Vol. 10, No. 1, 2004 Page 5


Between one-fifth and one-quarter of children and teens diagnosed with attention deficit hyperactivity disorder (ADHD) also suffer from a reading disability. A new gene study, by Sandra Loo and colleagues, indicates a genetic link between the two conditions.

Loo et al. measured the reading ability of 233 sibling pairs in which both children were diagnosed with ADHD. They then conducted a linkage study, searching for molecular markers that were shared by the siblings more often than would be expected based on their genetic relationship.

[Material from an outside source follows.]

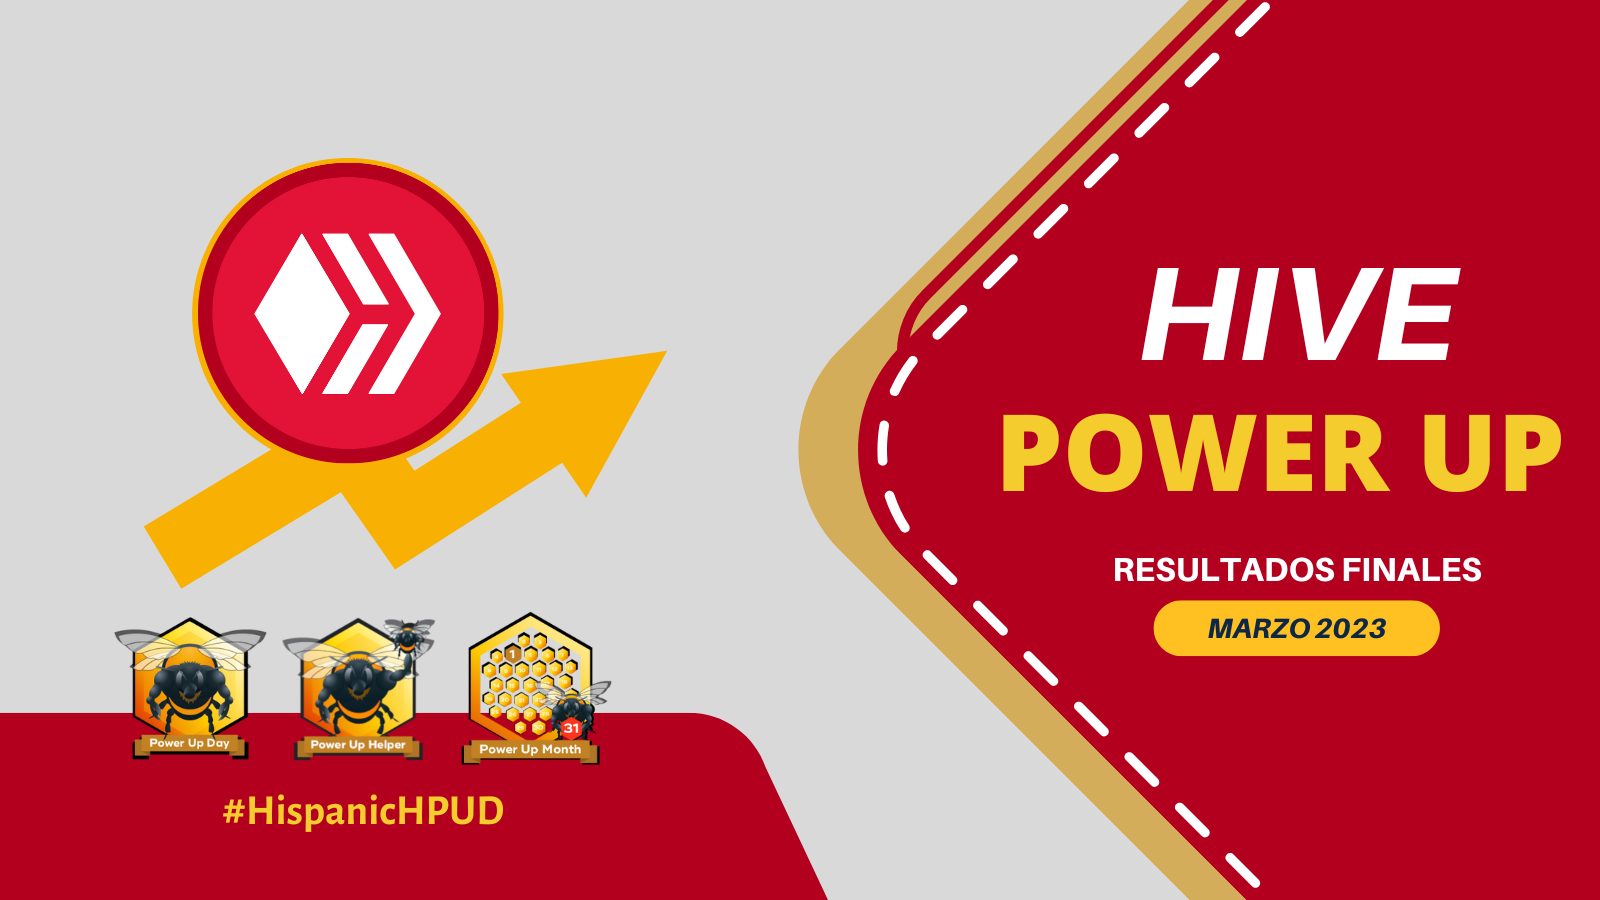 @victoriabsb/hive-power-up-day--final-results-hpud-marzo-2023-hispanic-winners

The researchers detected evidence of shared genetic factors for ADHD and reading disability on chromosomes 16, 17, and possibly 10, as well as evidence for genes on chromosomes 2, 8, and 15 that appear to be unique to reading problems.

Their data, Loo and colleagues say, support the idea that common genes underlie ADHD and reading disability, although unique genes also contribute to each.


"Genome-wide scan of reading ability in affected sibling pairs with attention-deficit/hyperactivity disorder: unique and shared genetic effects," S. K. Loo, S. E. Fisher, C. Francks, M. N. Ogdie, I. L. MacPhie, M. Yang, J. T. McCracken, J. J. McGough, S. F. Nelson, A. P. Monaco, and S. L. Smalley, Molecular Psychiatry, November 18, 2003 (Epub). Address: Sandra K. Loo, Neuropsychiatric Research Institute, 760 Westwood Plaza, Los Angeles, CA 90024.